Comparison of the LL95%CI rule to a PE threshold for maximal RB classification: sensitivity and specificity for the MCBS LL95%CI ≤0.65 rule versus the ROC curve for PE rules ranging from 0.60 to 0.90 (time-to-event median control=6 months). (A–C) Power 80%. (D–F) Power 90%.

Annotation: Left and centre panels: true HR ≤0.65 and HR≤0.70, are respectively classified as big benefit, contrasted to a small benefit classification of true HR>0.80. Right panels: true HR ≤0.75 is classified as a relatively big benefit, contrasted to a small benefit classification of true HR>0.75. Red star: the MCBS LL95%CI≤0.65 rule for HR. ROC curve (black): PE rules ranging from 0.60 to 0.90.

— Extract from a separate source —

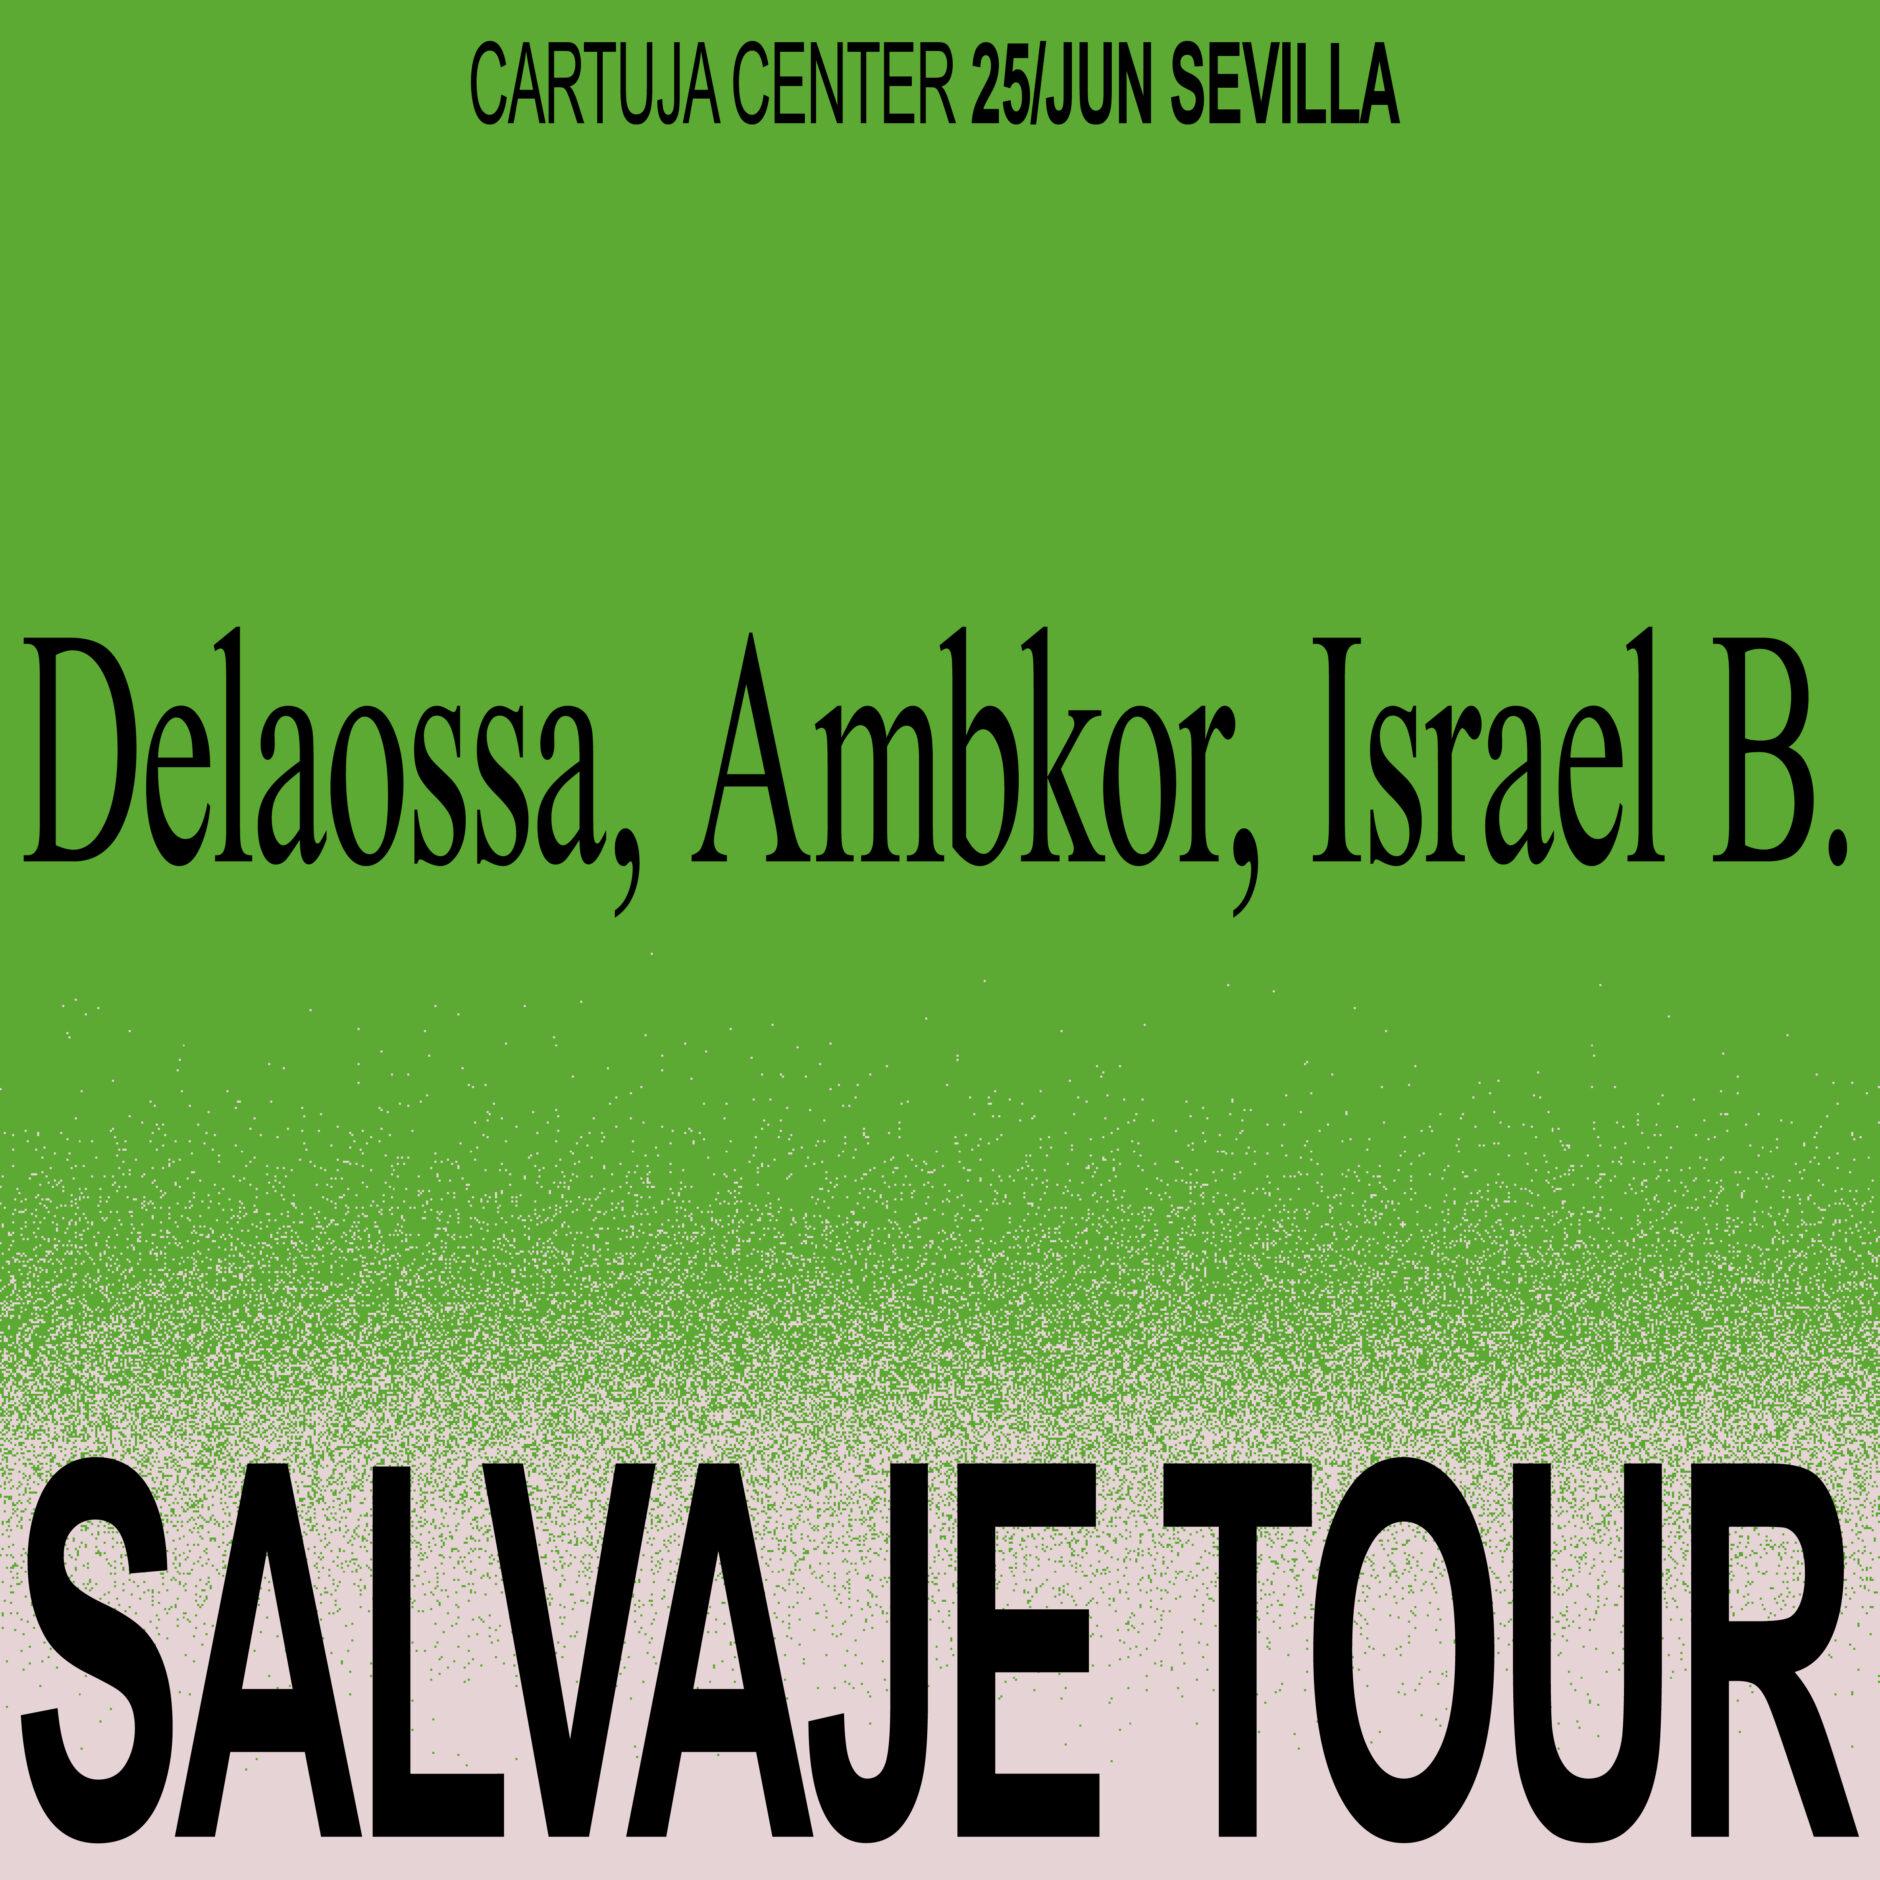 Salvaje Tour llega a Cartuja Center con los mejores artistas urbanos 1

By these criteria, superiority of the LL95%CI rule over a PE rule for the evaluation of RB is demonstrated in three tests:

  1. ROC curves (figure 3): the optimal result on a ROC curve corresponds to the top left corner, that is, 100% true positive, 0% false positive. The relative characteristics of the MCBS rule for maximal RB classification, using the LL95%CI ≤0.65 threshold, are compared with a range of PE thresholds and plotted in six ROC curves for true HR ranging from 0.60 to 0.90, for power 80% and 90% (figure 3). The LL95%CI rule (depicted as a red star) compared with a range of PE thresholds from 0.60 to 0.90, is almost always above and/or to the left of the PE ROC curve, indicating optimal balance between maximal true-positive and minimal false-positive results.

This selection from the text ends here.